▶ _Supplied material_
*** Begin section ***

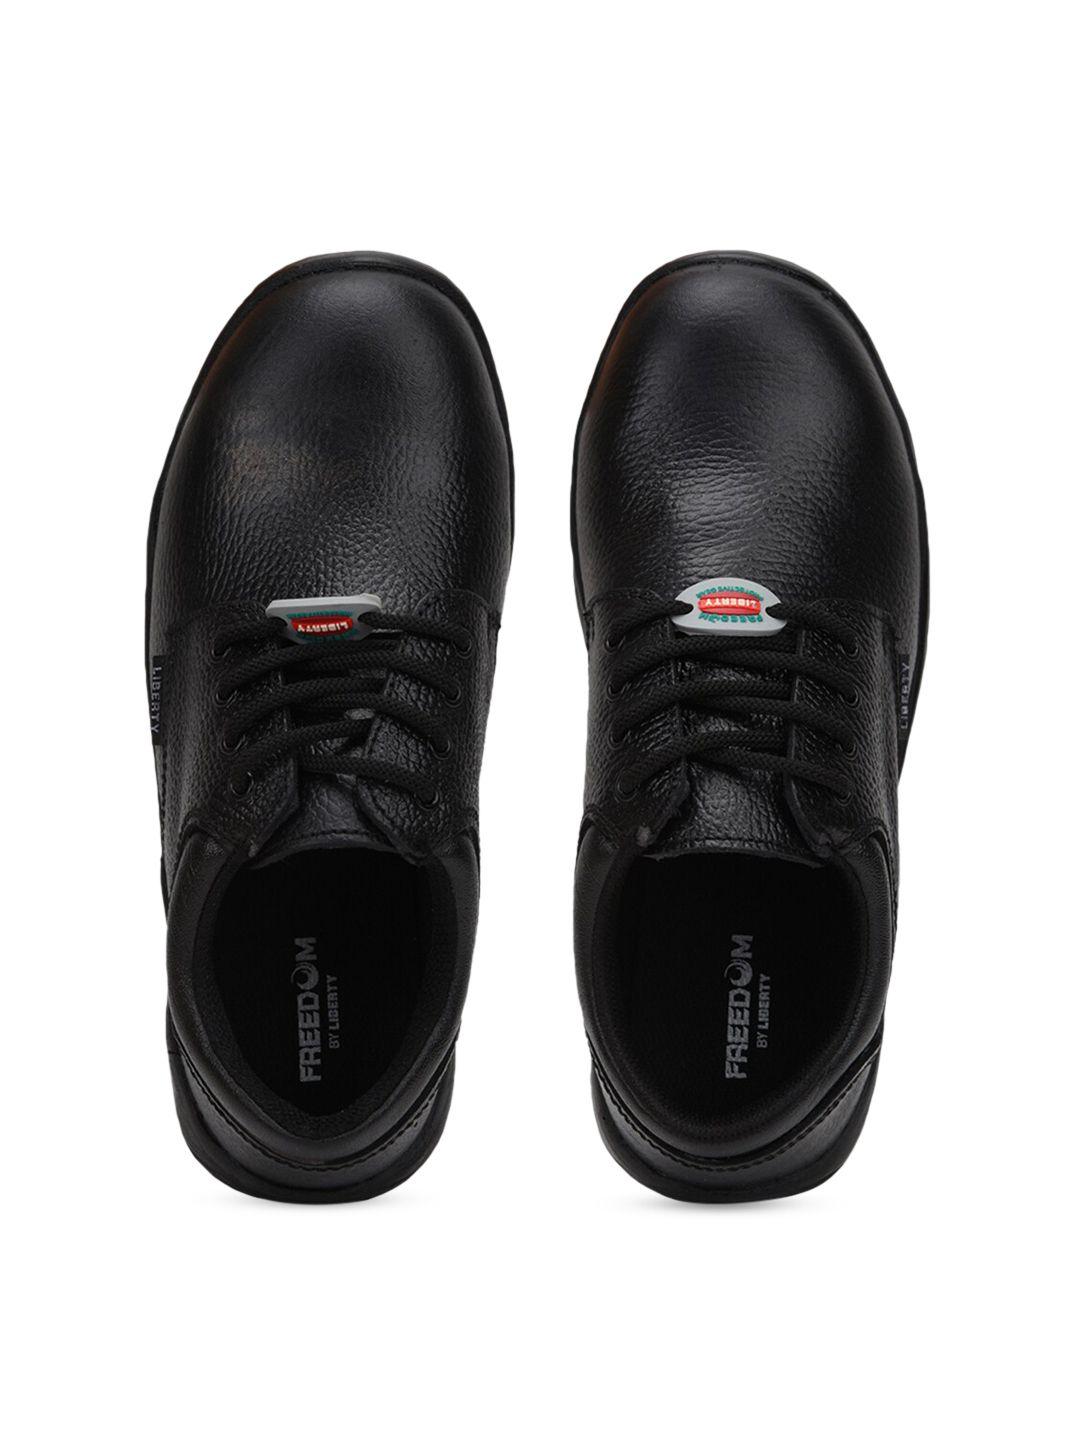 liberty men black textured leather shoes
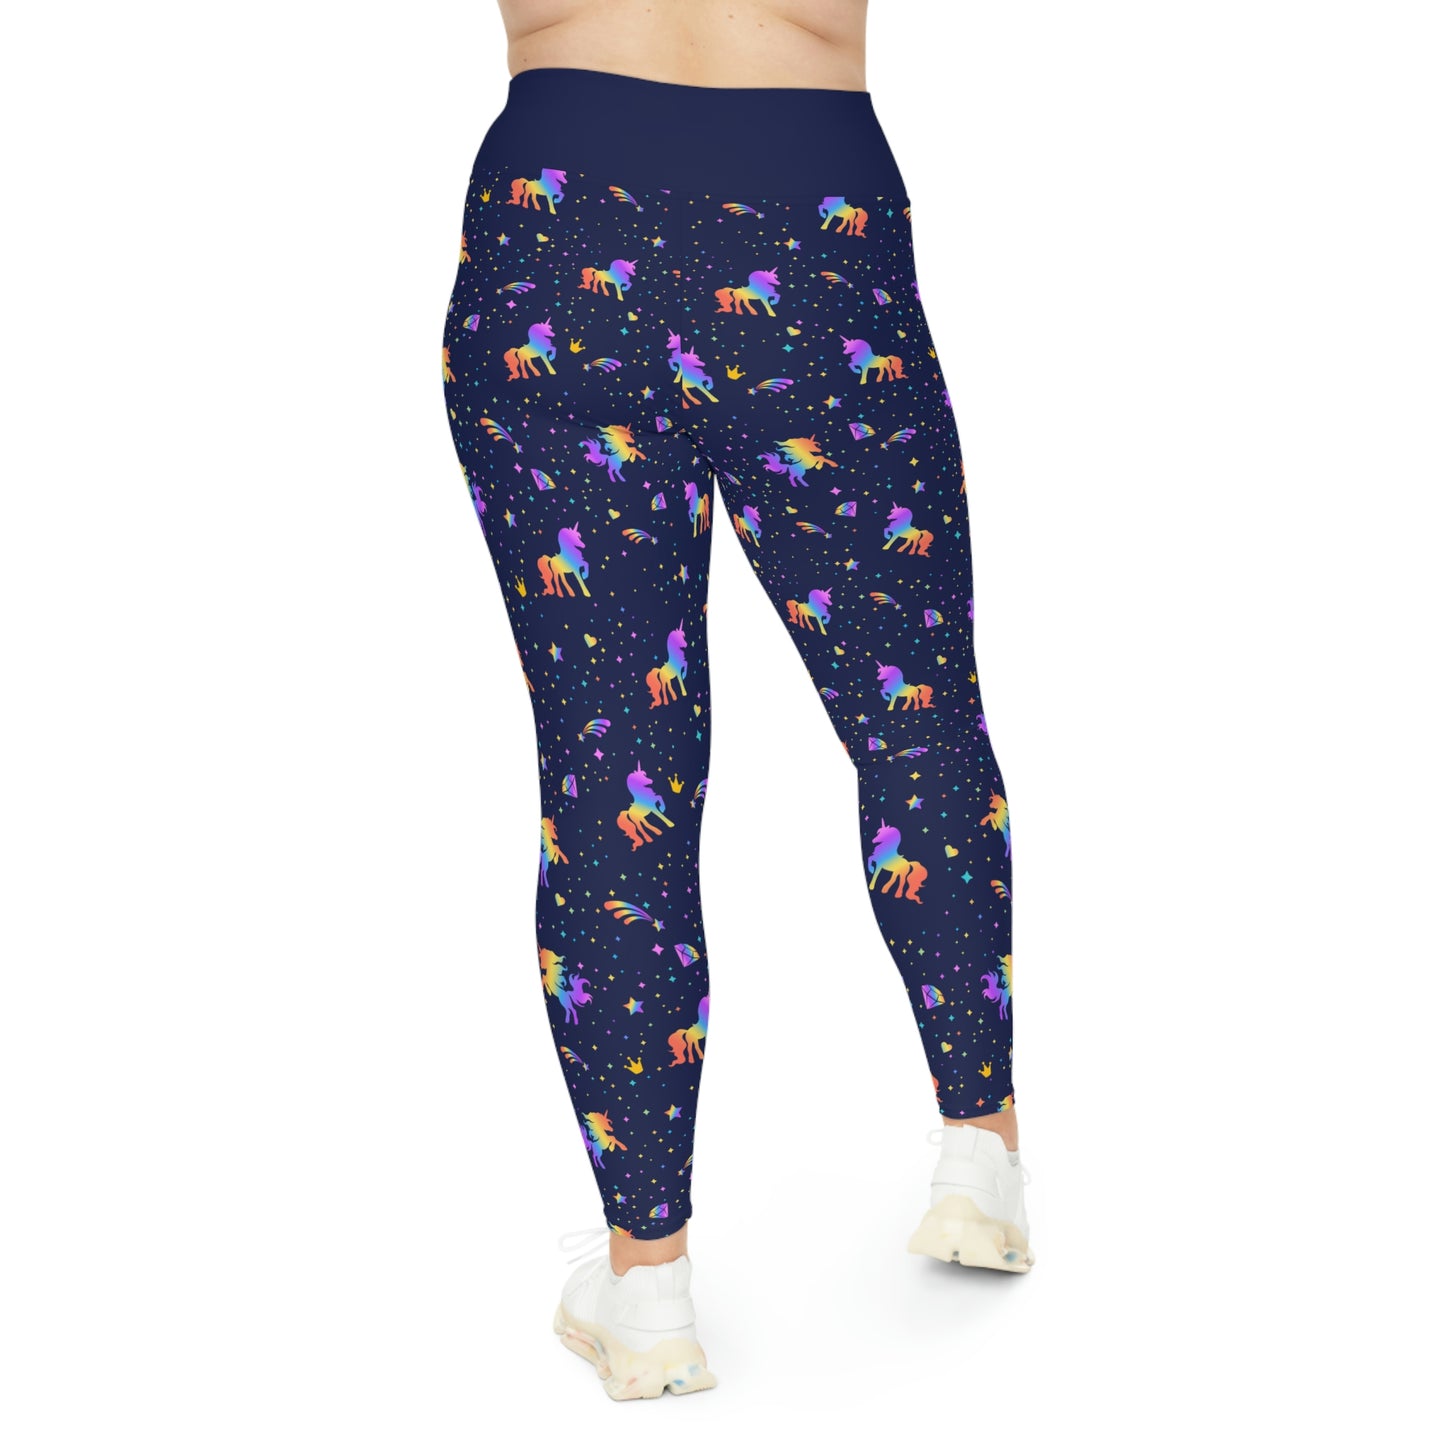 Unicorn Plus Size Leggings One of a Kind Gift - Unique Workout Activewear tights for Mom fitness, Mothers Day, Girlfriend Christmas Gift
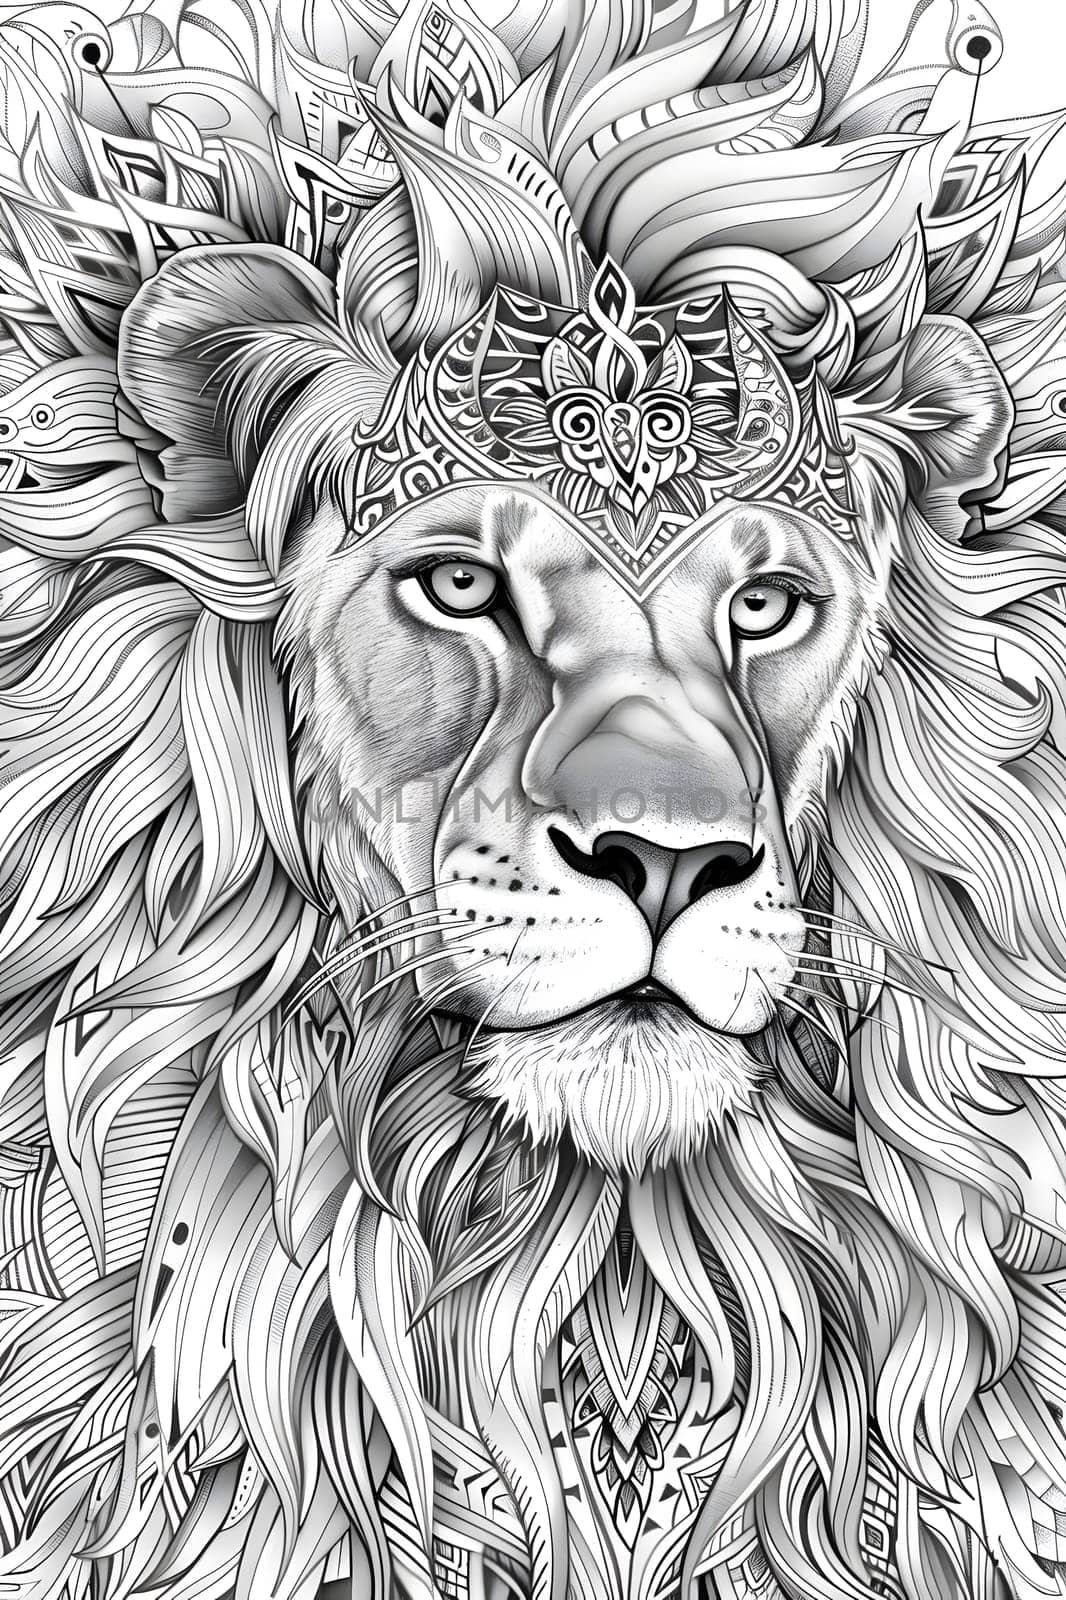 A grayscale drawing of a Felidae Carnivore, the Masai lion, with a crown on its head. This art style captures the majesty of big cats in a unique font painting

*** End section ***

▶ _Required work_
Please return the listing above exactly and leave every picture out.

▶ _Solved problem_
 liberty men black textured leather shoes
 Unicorn Plus Size Leggings One of a Kind Gift - Unique Workout Activewear tights for Mom fitness, Mothers Day, Girlfriend Christmas Gift
 A grayscale drawing of a Felidae Carnivore, the Masai lion, with a crown on its head. This art style captures the majesty of big cats in a unique font painting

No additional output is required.